*** Opening Extracted data ***
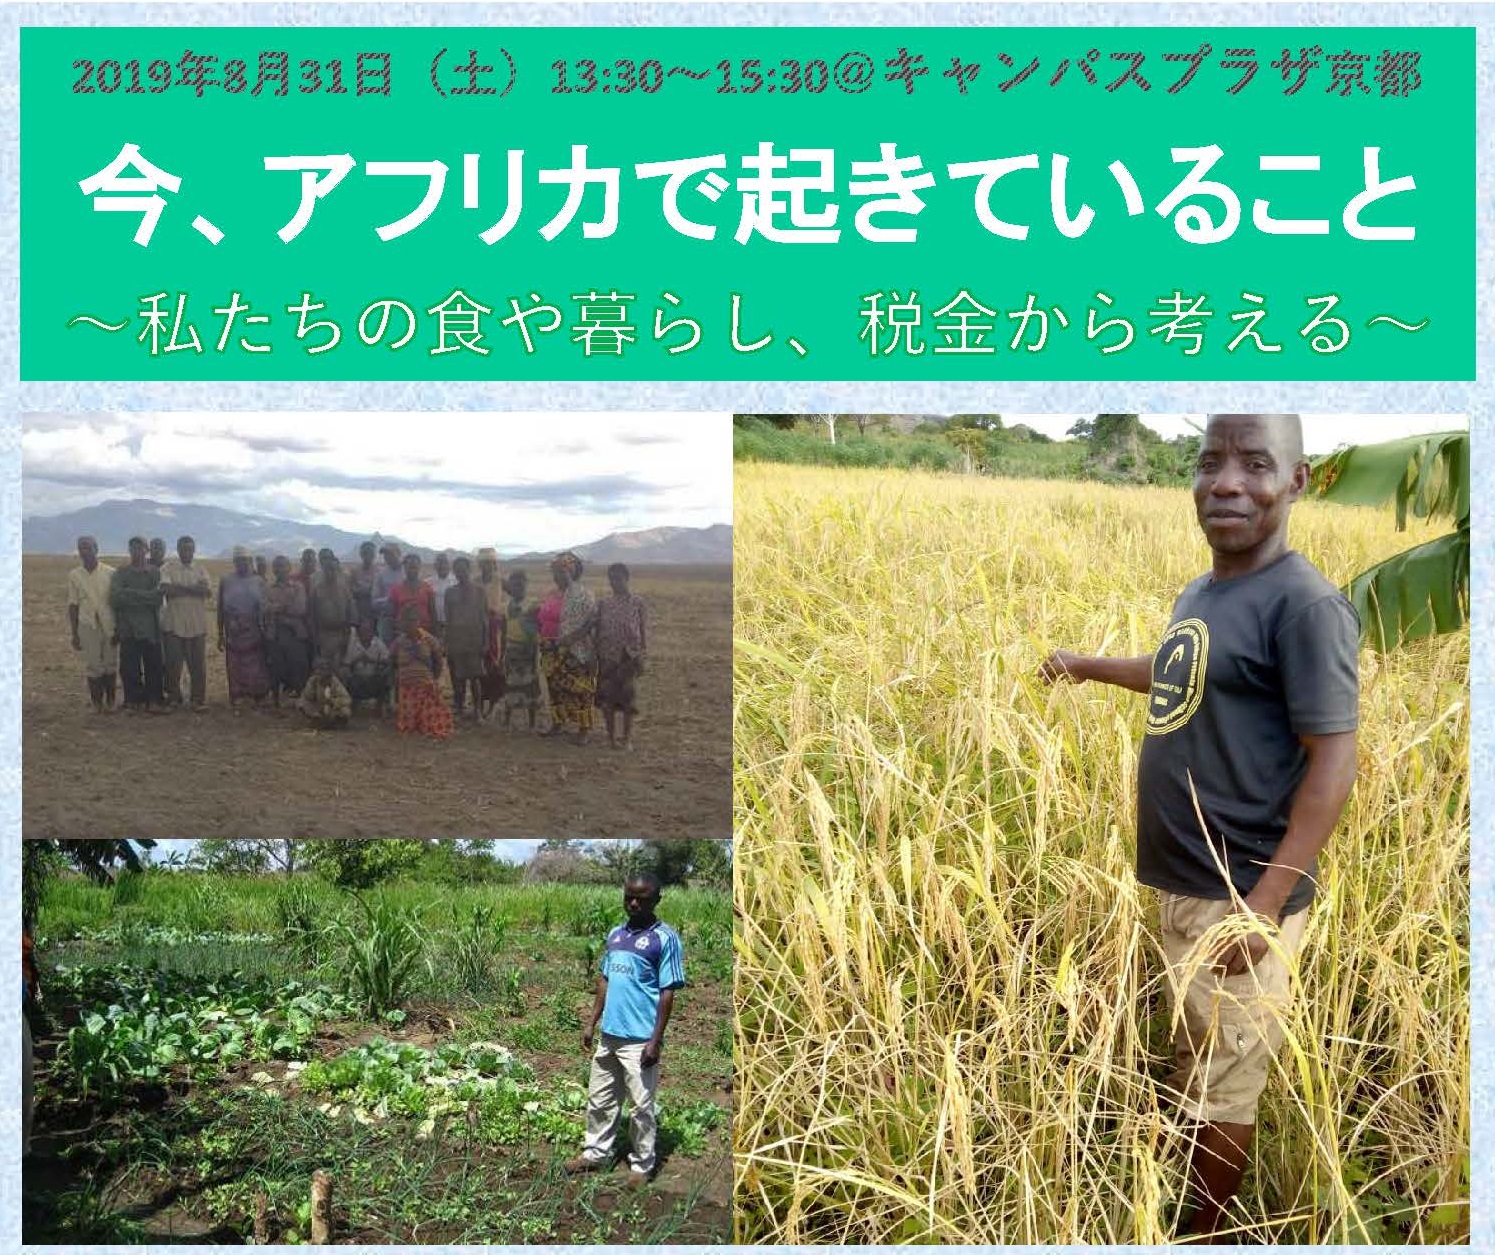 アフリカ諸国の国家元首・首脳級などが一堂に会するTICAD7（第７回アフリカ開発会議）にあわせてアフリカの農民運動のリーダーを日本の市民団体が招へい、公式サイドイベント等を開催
*** Closing Extracted data ***
*** Opening Extracted data ***
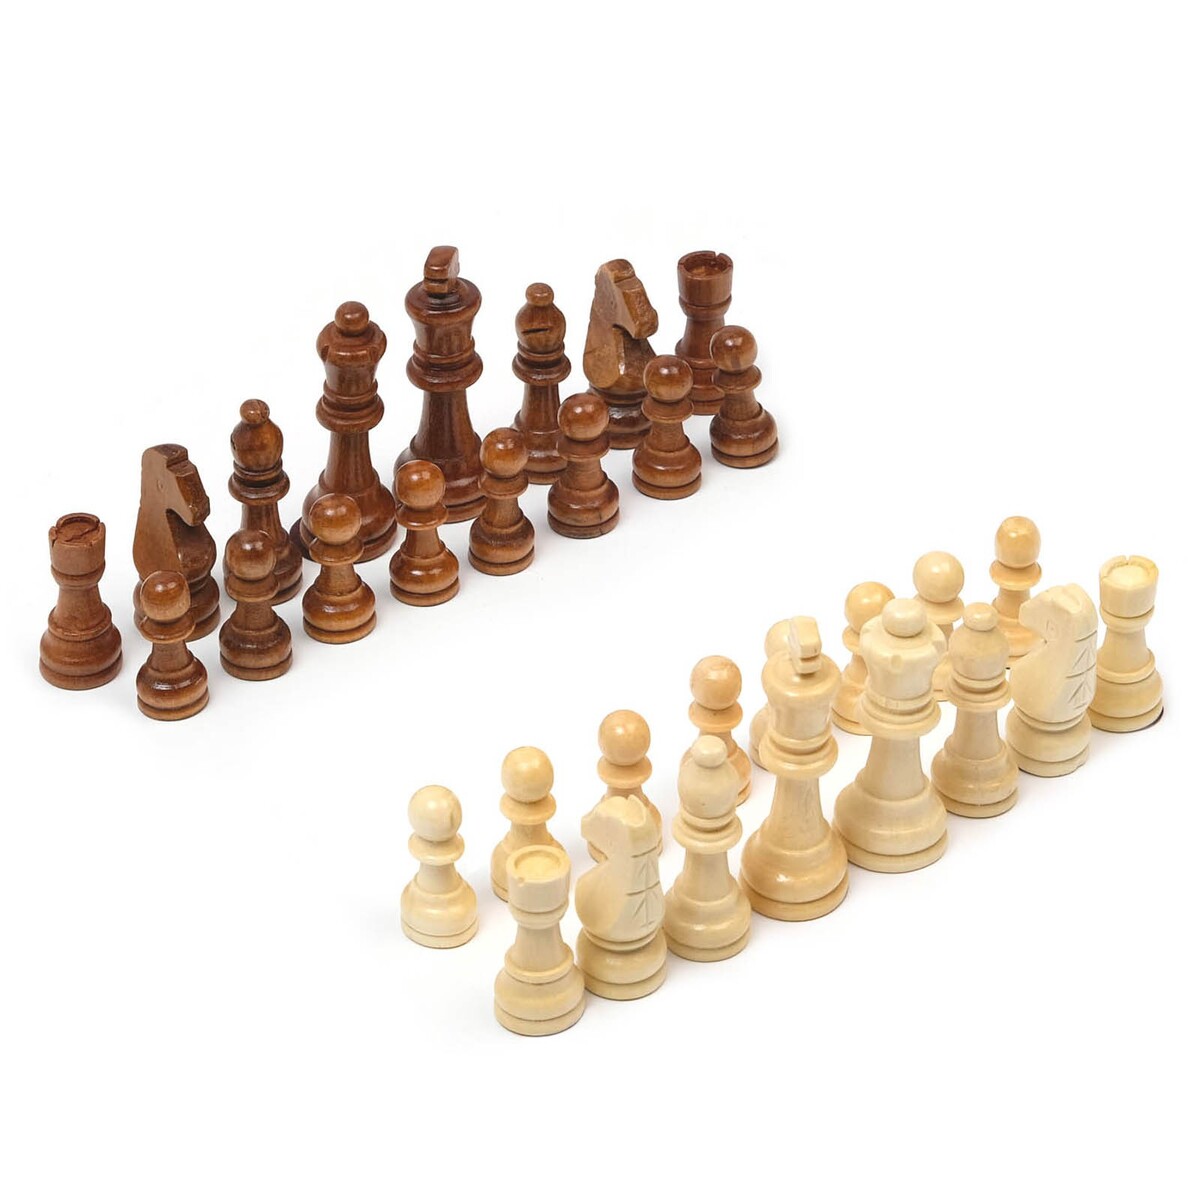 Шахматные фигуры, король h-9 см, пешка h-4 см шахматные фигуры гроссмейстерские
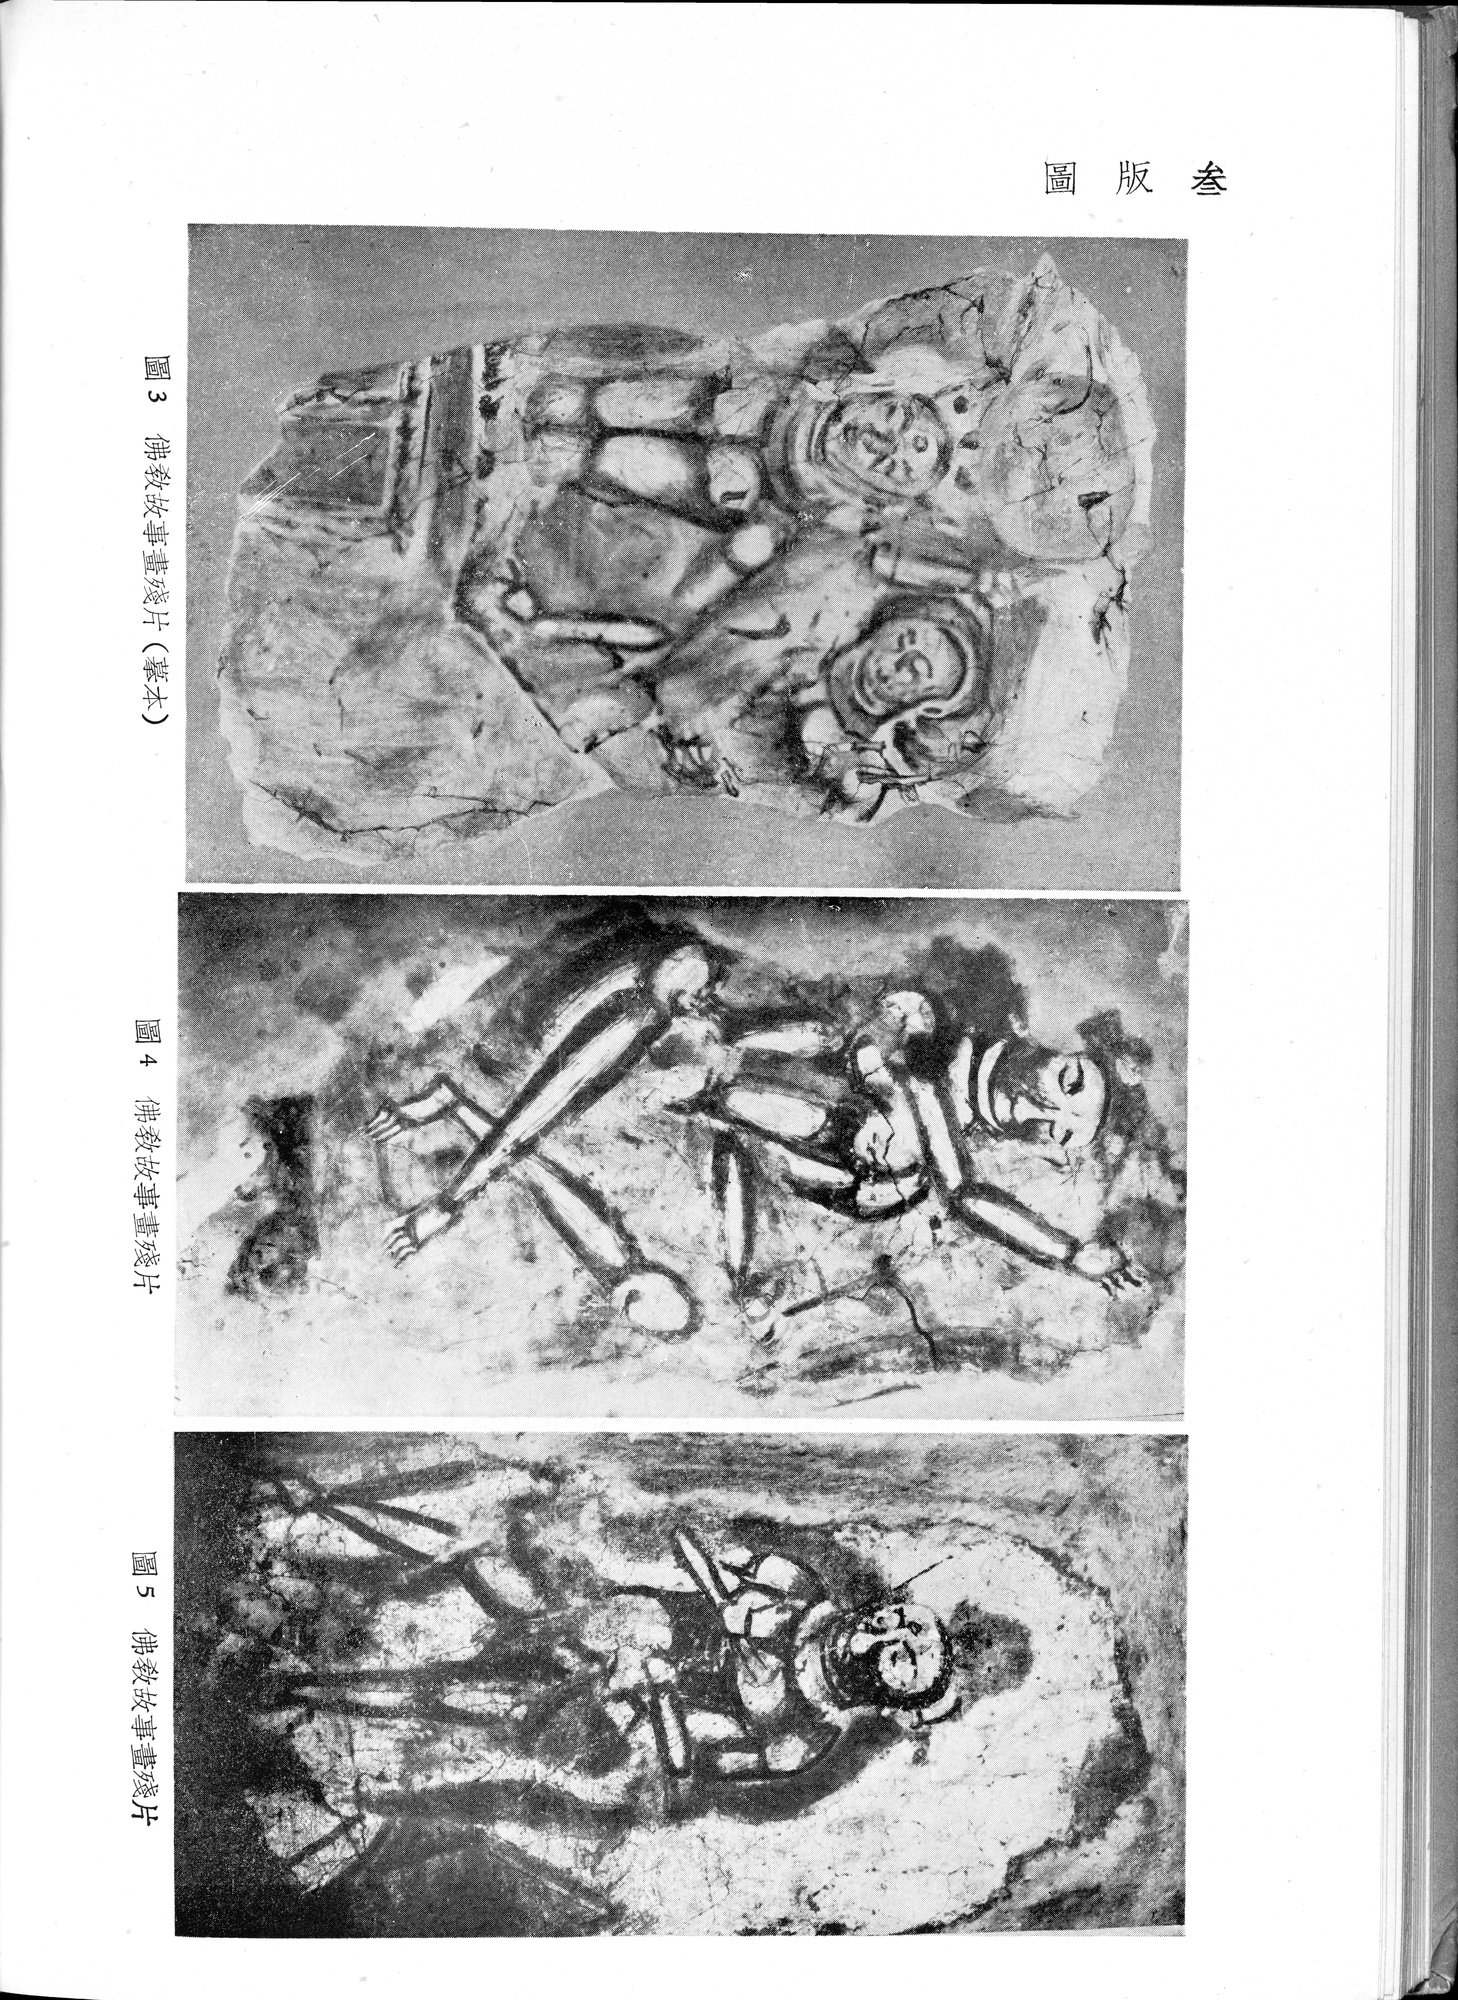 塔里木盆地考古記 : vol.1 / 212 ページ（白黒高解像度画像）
*** Closing Extracted data ***
-- What is expected --
In the listing above, find the line containing "Шахматные фигуры, король" and the line containing "塔里木盆地考古記 : vol.1 / 212 ページ（白黒高解像度画像）", then output those two lines and everything between them exactly as written, without the images.

-- Exercise response --
 Шахматные фигуры, король h-9 см, пешка h-4 см шахматные фигуры гроссмейстерские
 塔里木盆地考古記 : vol.1 / 212 ページ（白黒高解像度画像）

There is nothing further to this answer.